Добавить в цитаты Настройки чтения

Страница 7 из 18

— Ну вот что ты делаешь, несносная ты девчонка? — а сам касается губами виска, проводит пальцами по моим волосам.

— Греюсь. Ты такой теплый.

— Опять знобит? — он заметно напрягается.

— Нет, ничего, нормально. Просто… ты про воду сказал, как-то зябко стало. А ты теплый… Ты сам не заболел? Такое чувство, что у тебя температура…

— Нет, Ларис, моя температура не менялась, — он смотрит на меня очень внимательно. — Что именно ты чувствуешь?

— Тебя, — шепчу мечтательно, забыв обо всем, зарываясь носом куда-то ему под рубашку. — Такое тепло. Яркое. Нежное. Живительное, словно огонь. Хочется раствориться, слиться… Согрей меня, Анхен. Пожалуйста…

— Лара? Лара, Лара, не уплывай, очнись, посмотри на меня!

Смотрю. Или подставляю губы для поцелуя. Но он не целует. Берет мое лицо в ладони и пристально вглядывается в глаза.

— Не надо так, — шепчу пересохшими губами. — Голова начинает кружиться.

— Идем-ка все же на воздух.

Прежде, чем я успеваю возразить, он подхватывает меня на руки и выносит наружу.
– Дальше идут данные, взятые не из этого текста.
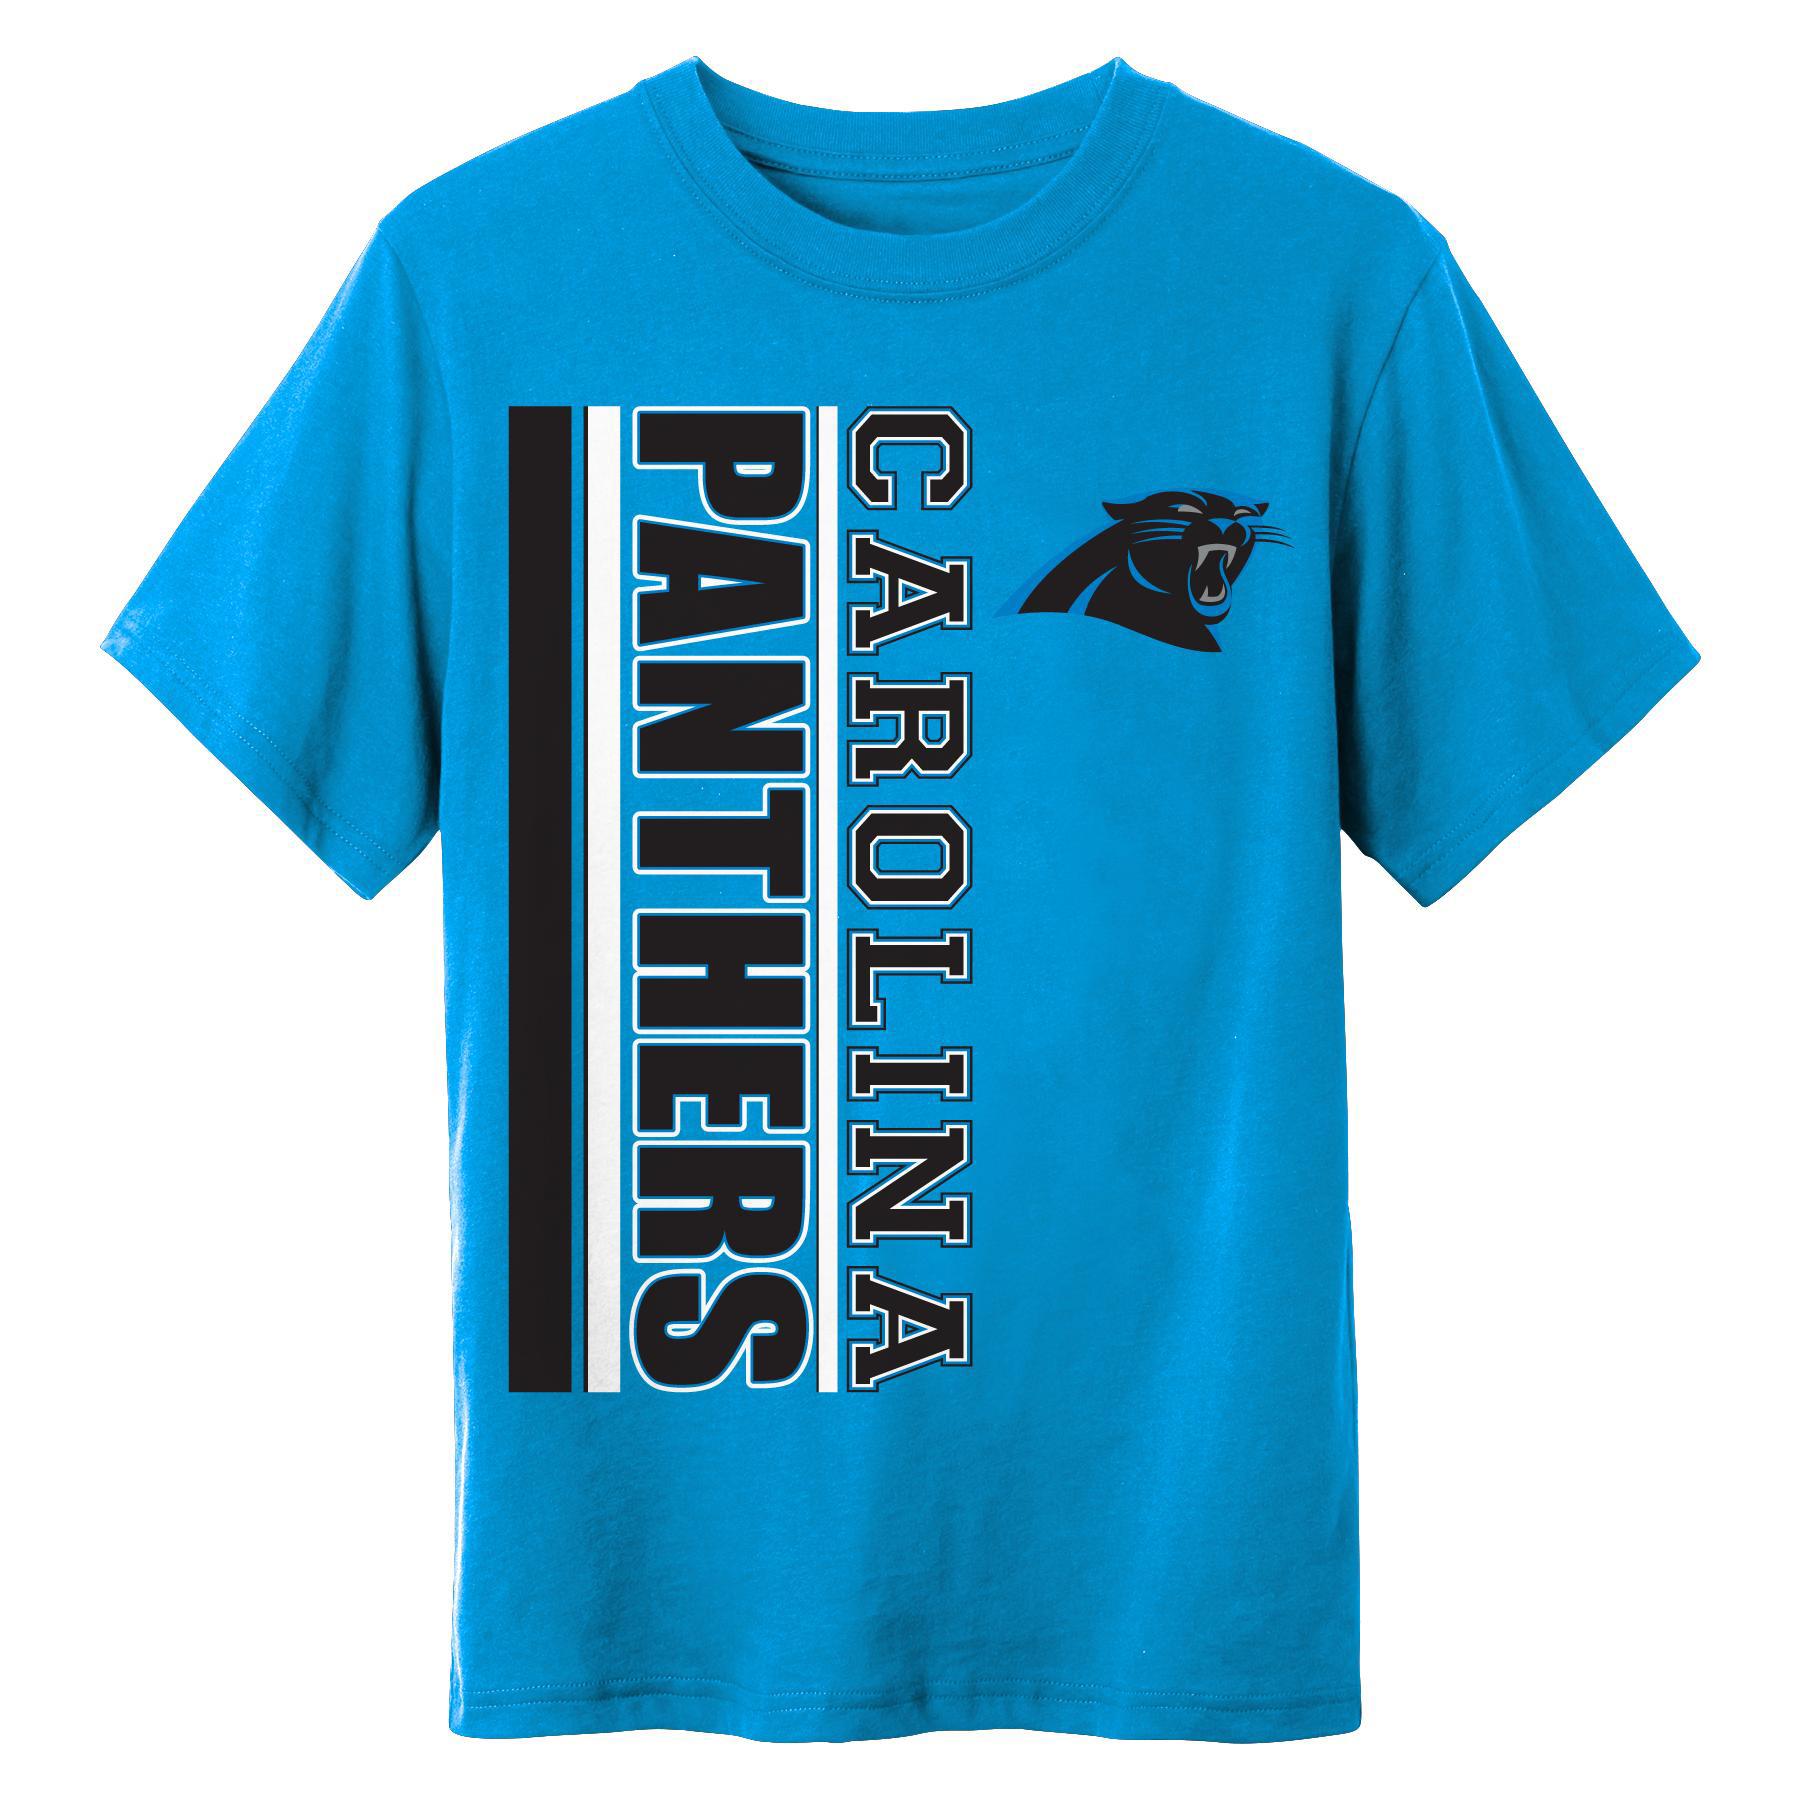 NFL Boys' T-Shirt - Carolina Panthers

Вечереет. Солнце закатилось куда-то за деревья, окрасив небо нежно-розовым. Небольшие облака чуть темнеют на этом фоне. В воздухе еще чувствуется зной жаркого дня. Но ветерок несет с реки прохладу, остужая воздух, остужая чувства…

Анхен осторожно ставит меня на ноги, чуть отступает. Немного потерянно смотрю на него, на мир вокруг. Пытаюсь собраться с мыслями. Замечаю, что руки пусты.

— Птичка! — оглядываюсь вокруг. Слишком резко, меня аж заносит.

— Присядь. Сейчас найду, — он даже не удивляется. Убедившись, что я опустилась на валун, скрывается в машине и возвращается с моей находкой. — Держи свою игрушку.

— Это не игрушка, это… — снова хочется плакать. Да что ж со мной такое?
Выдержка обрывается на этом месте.